I'm not a vegetarian but I have read a lot into it. One of of the good points that I've found is that vegetarians/vegans do have less health issues including infertility but you also have to look at the entire eating pattern of a vegetarian/vegan vs a meat eater. Vegetarians/vegans choose to be that way and eat very healthy with lots of veggies and tend to lead a healthy lifestyle in general. The average vegetarian doesn't decide to not eat meat and then eat a lot of velvetta shells and cheese. On the other hand the average meat eater eats a bunch of processed food. Ive also been changing my diet little by little. I cut out caffiene and alcohol 5 months ago. I cut out all processed food a month and a half ago. I cut out wheat 3 weeks ago and I'm working on cutting out dairy except the tiny amount I put in my smoothies. I've been eating mostly fruits, veggies, chicken, eggs, brown rice, and my daily smoothie. I also try to eat as many of those things organic as possible, especially things that you don't peal, like spinach, lettuce, apples, etc. Also, be careful with that fertility diet book, I think it says dairy is okay, but that depends who you are. Many people have unknown allergies to milk and wheat. Those allergies can be as simple as always being fatigued after you eat them. Good luck with your change in diet!


----------



## pavementfan

Hi there, just thought I would chip in, I've been TTC for 19 months and been a veggie most of my life (over 20 years). 
I do get a bit worried about my iron levels but hopefully the folic acid supps and eating leafy greens help. I think getting enough B vitamins (B6 or B12) is also a concern - there was a thread on here recently - but you can eat marmite/pulses/fortified cereals for that.
I was vegan for 2 years and it's actually not too bad... until you try and eat out!
My MIL thinks I'm not pg because I am vegetarian... sigh
Good luck with whatever you decide to do!


----------



## Feisty Fidget

You lovelies are all wonderful for sharing your eating patterns and experiences with me :flower:

PhoenixRose DH is diagnosed as coeliac but was refusing to stick to a gluten free diet (I know how dangerous it is, pity he wouldn't listen) but after shockingly low SA results (last one when he was GF was great) he is being forced into sticking to it, which means as encouragment I will too :thumbup: I am considering eating the occasional organic meat and sticking to organic milk but limiting it and for the rest of my diet being unprocessed, sugar and cafferine free but I just wanted to get some background on whether meat and dairy really was the devil when it came to infertility or if it as you have said (and I suspected) that it is more to do with the quality and processed elements of food :flower:

PS coconut milk or almond milk in a smoothie is amazing! xxx


----------



## purplesparkle

3 people who i know who have had a baby recently or are pregnant at the moment are all veggies. maybe there is something in it, maybe they eat more veg and get more vitamens then big meat eaters. i don't eat a lot of meat but try and have a varied diet and eat lots of fruit and veg.


----------



## Feisty Fidget

PurpleSparkle this is what makes it all so confusing :wacko:

I think that I am going to only eat organic chicken, organic dairy both in moderation and bulk up on the fruit and vegetables. At the moment I am in the transition stage but come next cycle I hope to be sugar and caffeine free too!


----------



## purplesparkle

Feisty Fidget I know what you mean. I'm trying to cut back on fizzy drinks and trying to drink more herbal teas.
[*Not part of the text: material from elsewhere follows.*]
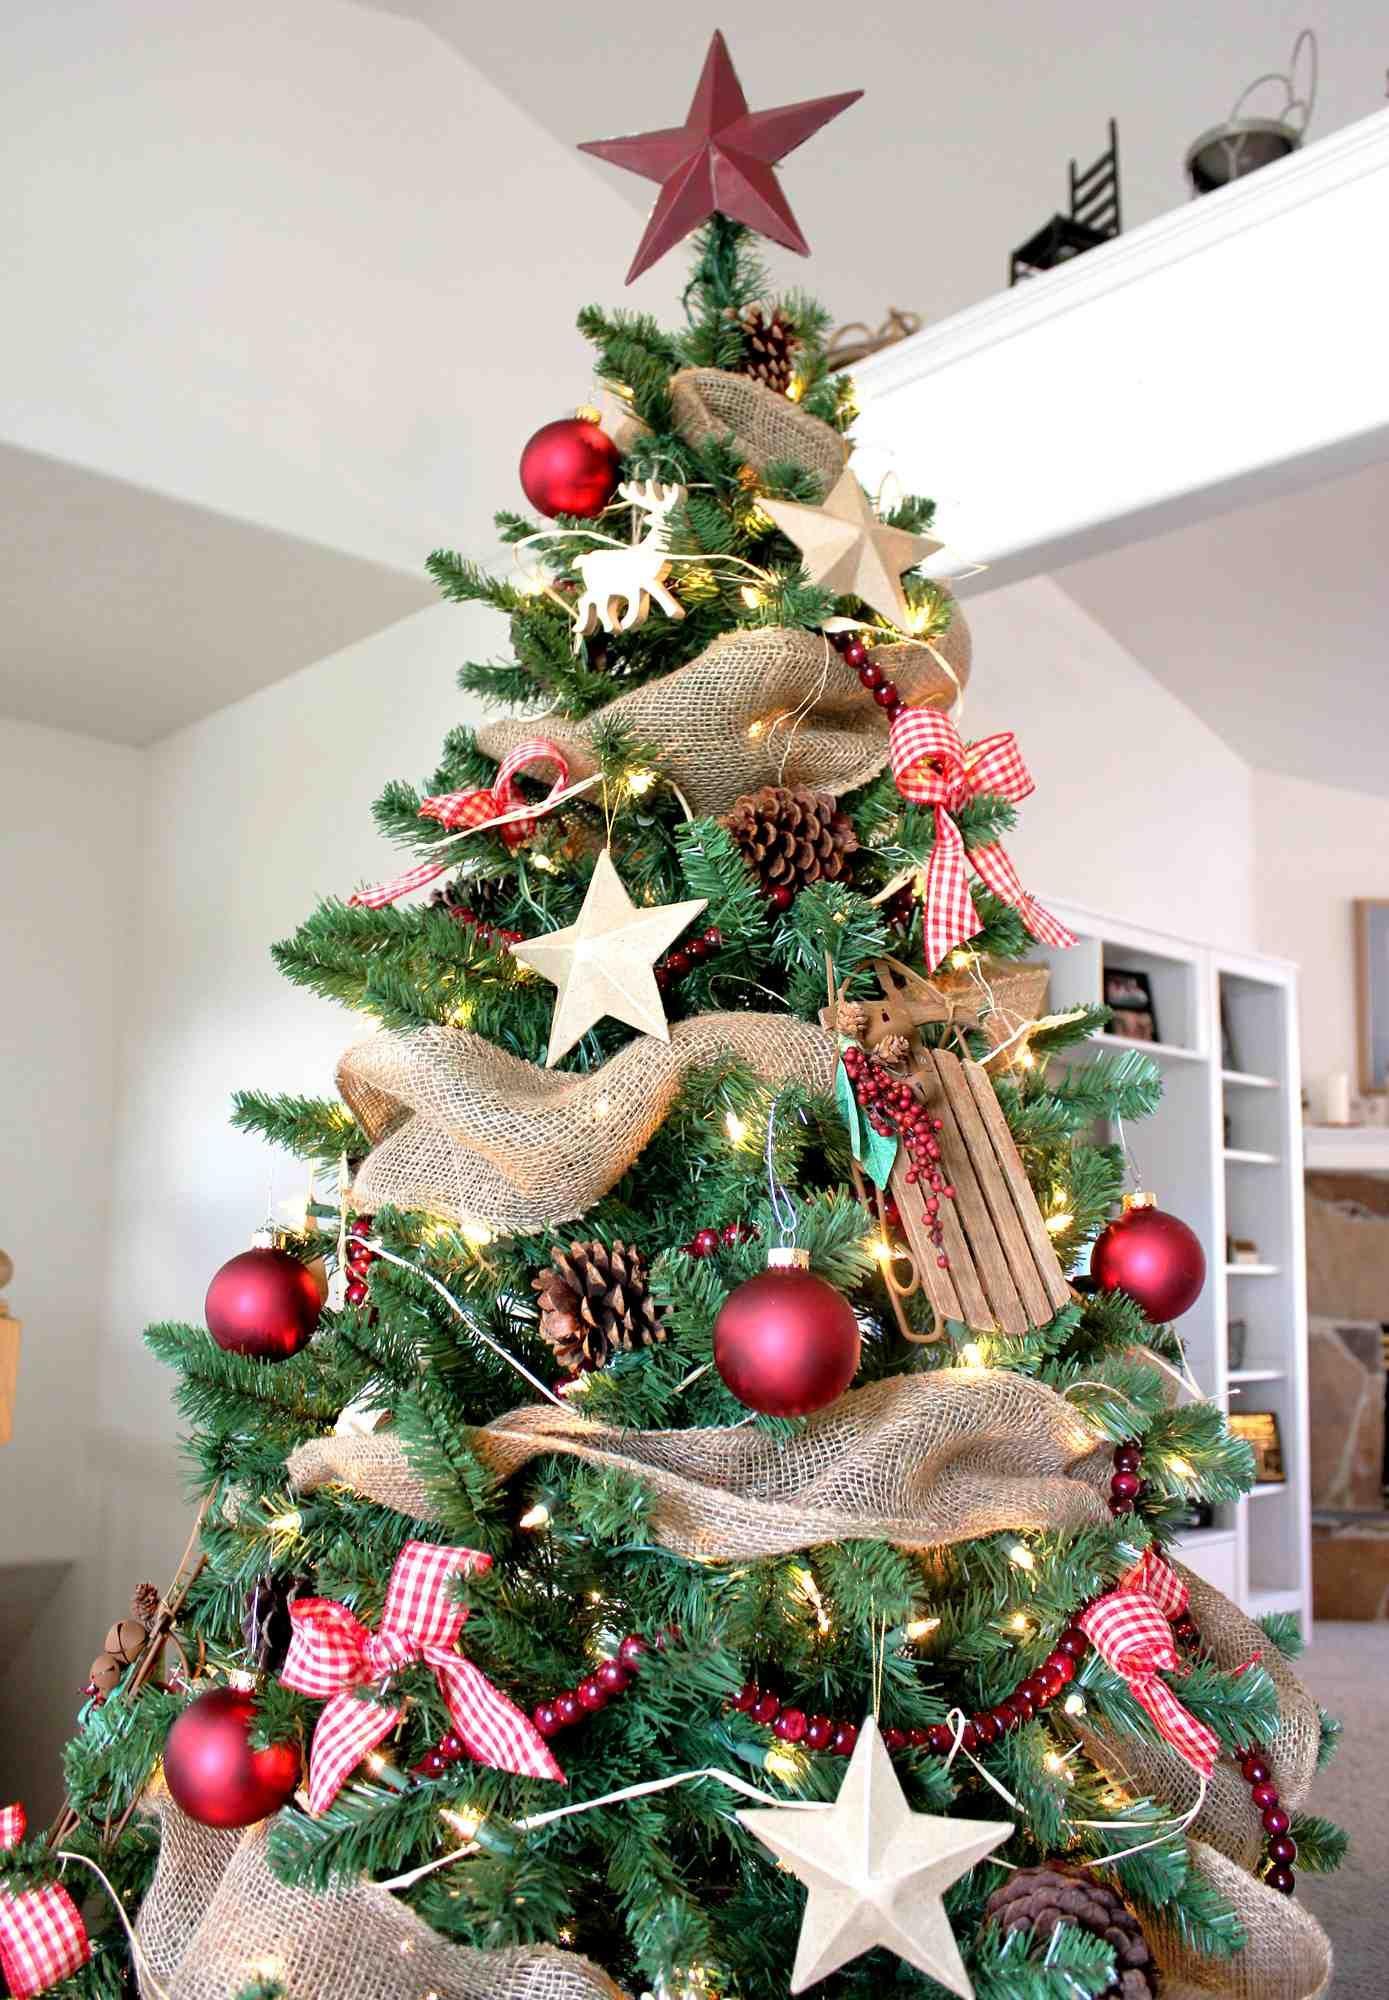 Craft Store Creativity Rustic Christmas Tree Rustic Christmas Christmas Decorations

I heard on the tv the other day that lack of vitamin d can effect fertility, I take vitamin d as doc. said I wasn't getting enough. Its because we don't get enough sun in the uk! told my oh next holiday we have has to be somewhere hot!


----------



## Feisty Fidget

:rofl: Don't forget to mention that a holiday somewhere hot is a damn sight cheaper then IVF ;)
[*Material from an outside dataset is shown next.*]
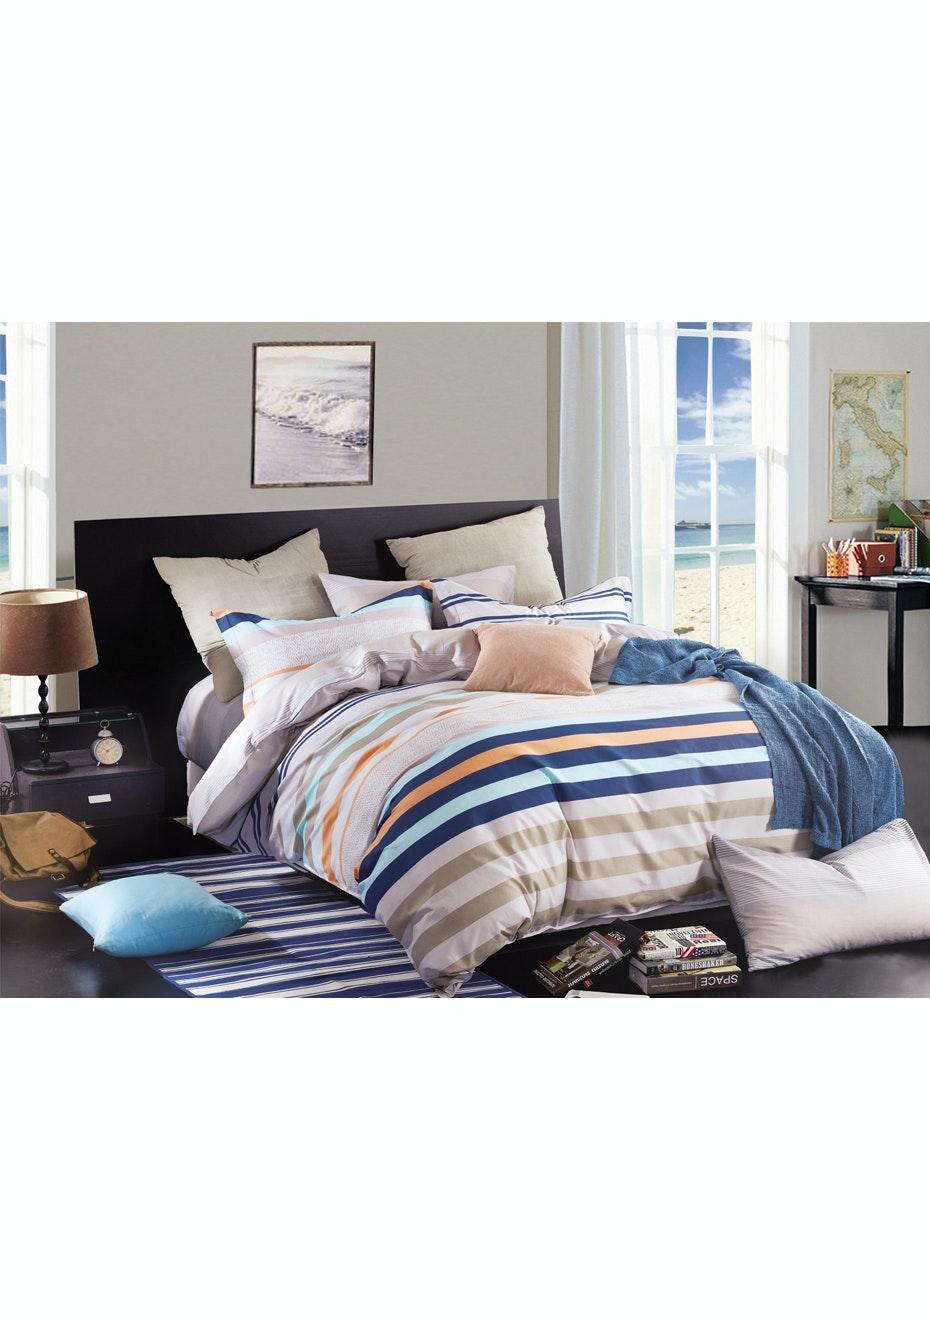 Sunset Quilt Cover Set - Reversible Design - 100% Cotton Queen Bed

I am also giving up gluten to keep DH company on his coeliac diet! 

Purple if you must have caffeine make sure to check the ingredients for Aspartame as it is one nasty little additive that can severely affect not just fertility but your general health!


----------



## purplesparkle

I only have 2 cups of tea a day, other wise i have green, peppermint or fruit tea. so cold at the moment sometimes you just need to have a good cup of pgs tips!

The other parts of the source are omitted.